沒錯,他就是天下第十的鐵臂鋼腕閆克宇,曾經的一代高手也落到了被人囚禁的地步,帶著渾身的傷勢被關押在此,實屬不幸。
“閆首席,傷好些了嗎?”巳蛇問道。
“為什麼.......啊........為什麼不殺了我.......”閆克宇一邊呻吟一邊求死,他這些天收到肉體上和精神上的折磨遠非常人所能承受。
巳蛇放下燈籠,對他說道:“其實我早想殺你了,要不是主子說你命不該絕,你認為你還有命嗎?”
“殺了我啊!”閆克宇憤怒的咆哮道:“我沒讓他救我!誰讓他饒我了!”剛吼完就被牽扯到的傷口疼的直吸冷氣。
“你就不要再叫了,現在不是盡忠的時候,你們崔氏集團已經敗了,就不要垂死掙扎,還不如加入我們野火,說不定.....”
巳蛇話未說完,閆克宇就到:“感謝你們的好......好意,可是我沒有為你們主子效忠的意思。
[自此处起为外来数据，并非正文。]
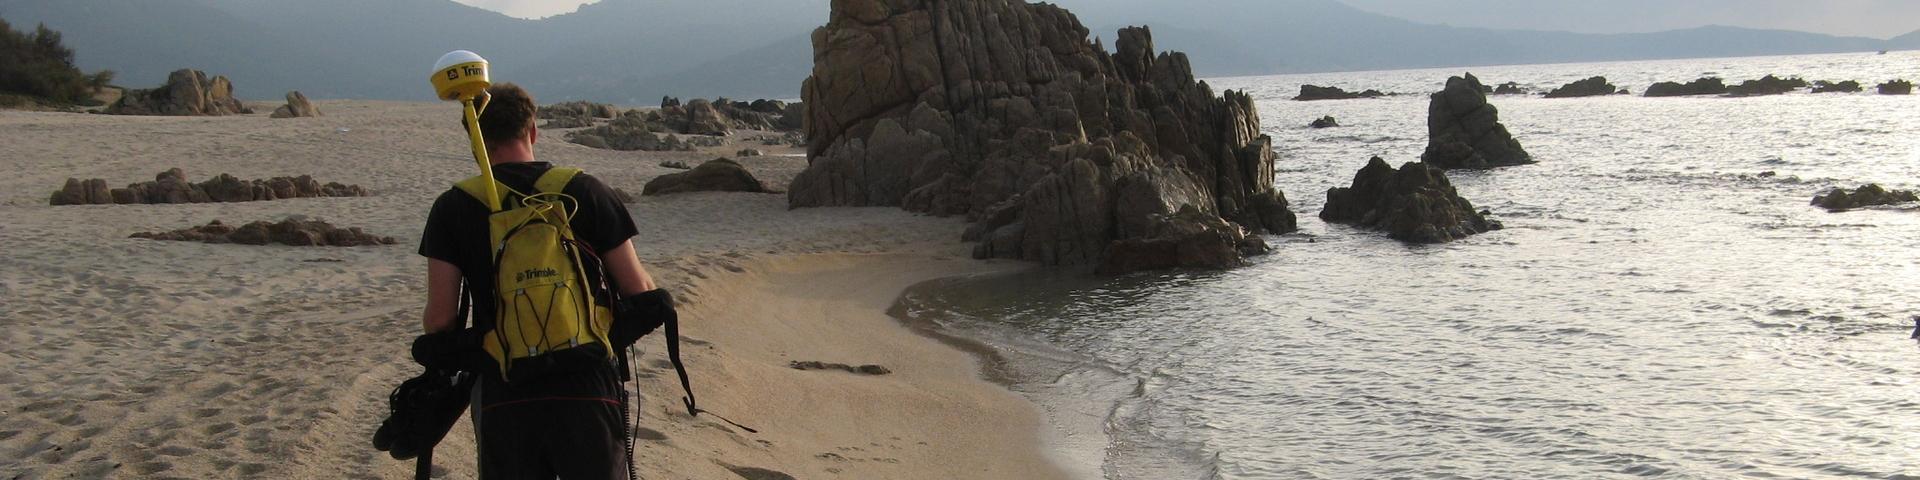 Making a survey of the shoreline, Corse-du-Sud

”
他不是個死腦筋的人,卻是個有底線有原則的人,閆克宇絕對不會加入野火,這是他作為武人的執著。
“野火就那麼讓你看不起嗎?”巳蛇問道。
“不是看不起你們野......野火,我看不起的.......是楊曠。”閆克宇不掩飾的說出自己對楊曠的厭惡。
即使將他視作對手,他也不會屈身楊曠的麾下。
巳蛇有些不想廢話了,但是主子給的命令是留住閆克宇的性命,盡力讓他加入野火,於是在職責的意識下,巳蛇繼續道:“你到底為什麼不願意?”
“因為你們的主子,給不了我想要的風骨!”
“就因為這個?”巳蛇皺眉道:“幼稚。”
閆克宇沒有辯駁,任他說去。
“成王敗寇,你一身的武藝有前進的可能,你日後的時間還有無數件事情可做,為什麼就要如此放棄?你甘心嗎?”
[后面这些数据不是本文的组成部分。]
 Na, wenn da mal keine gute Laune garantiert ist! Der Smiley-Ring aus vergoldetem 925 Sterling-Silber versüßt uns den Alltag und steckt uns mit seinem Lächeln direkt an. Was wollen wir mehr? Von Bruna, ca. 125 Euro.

“不甘心........你走吧。”閆克宇虛弱的說道:“你們救活我也是白救,我是絕對不可能投身你們野火的。”
“那可不行,我答應主子不答應。”巳蛇道:“你要是想死還真死不了,因為你得到了主子的欣賞。”
閆克宇嗤之以鼻,道:“我不稀罕。”
“這可由不得你。”巳蛇道,主子在上次單獨對陣閆克宇之時或許起了惻隱之心,捨不得這樣的良才隕落,這才做出了一個意外的決定,而巳蛇也記得,就是閆克宇扯斷了上一任申猴的手臂。
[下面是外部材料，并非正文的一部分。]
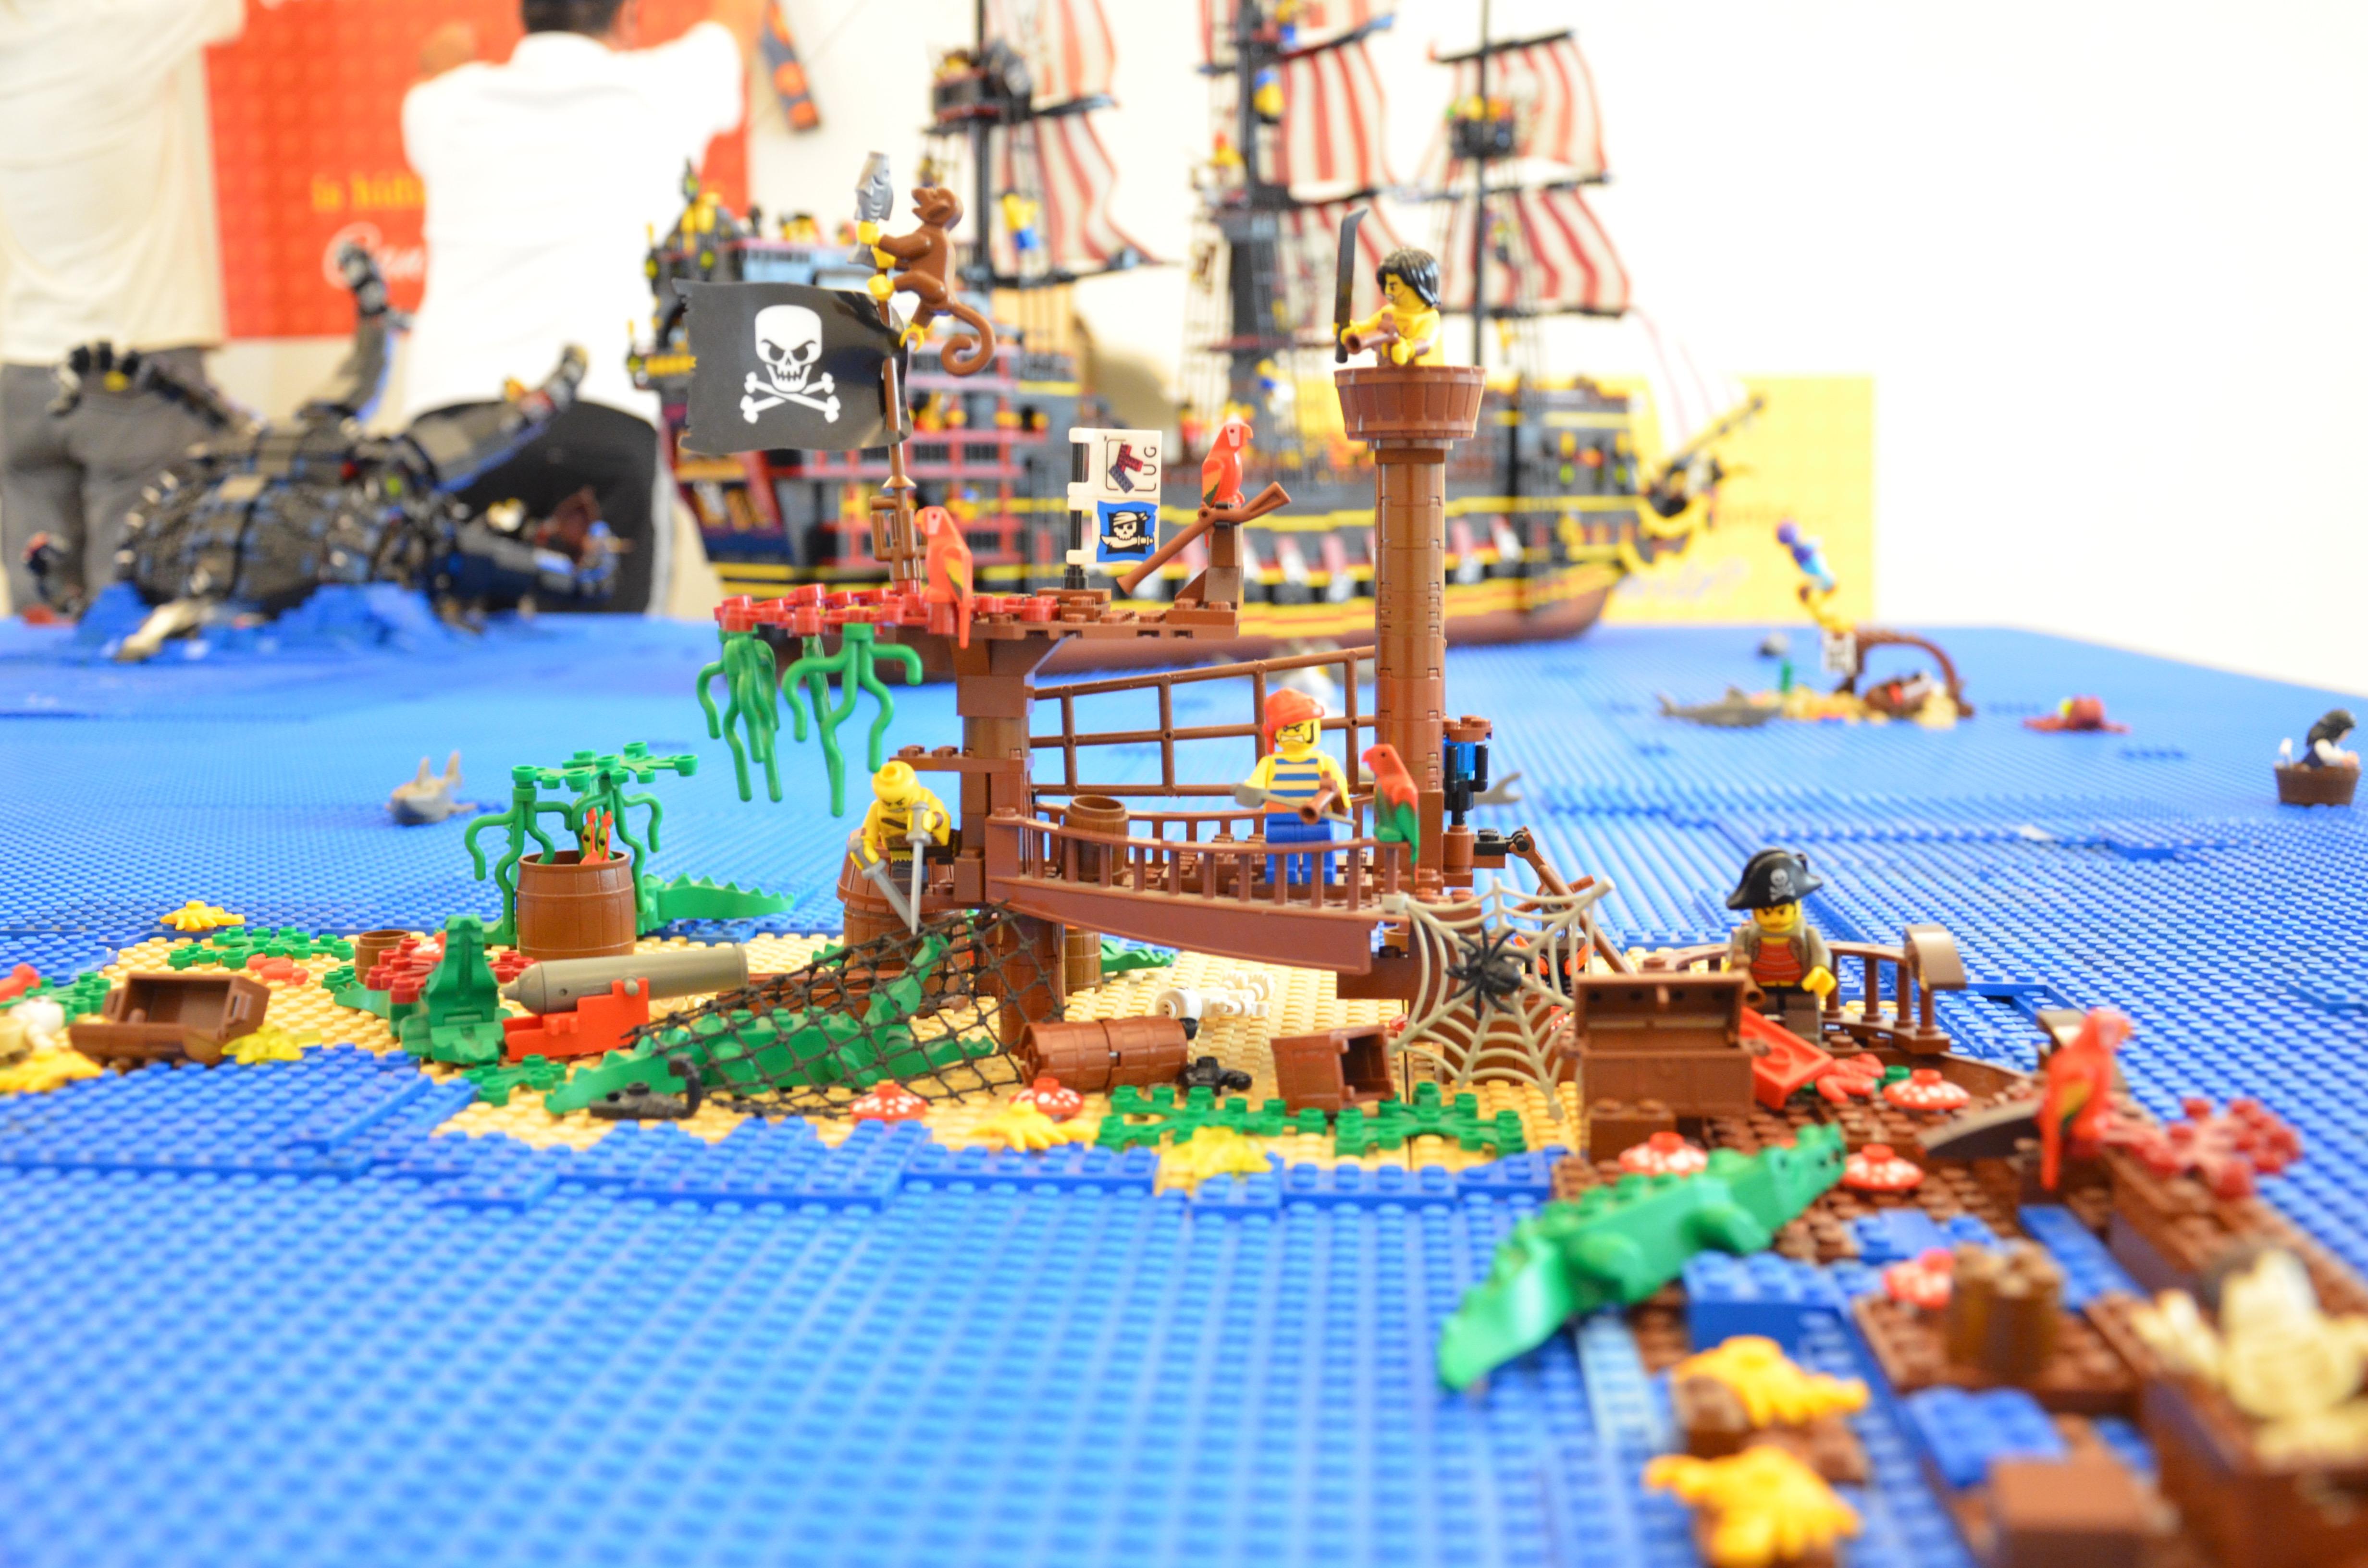 """la mostra""""I Love LEGO"""", occasione imperdibile per immergersi in un'atmosfera magica e divertente, che ha come protagonista i """"mattoncini prodigiosi"""""""

這樣的仇恨他能放下,就連取走三位幹部性命的王逸飛,他也能夠嚥下仇恨與他攜手對敵,為什麼閆克宇做不到呢?
難道這就是江湖人的氣節。
又有人來了,巳蛇看去,是亥豬,問道:“你不是要跟隨主子準備巡遊嗎?怎麼來了這裡?”
“主子讓我來的,說是看看閆首席有沒有答應。”
“那你要失望了,這傢伙鐵了心要死,說不定救活了他馬上就會自盡。”巳蛇沒好氣的說道。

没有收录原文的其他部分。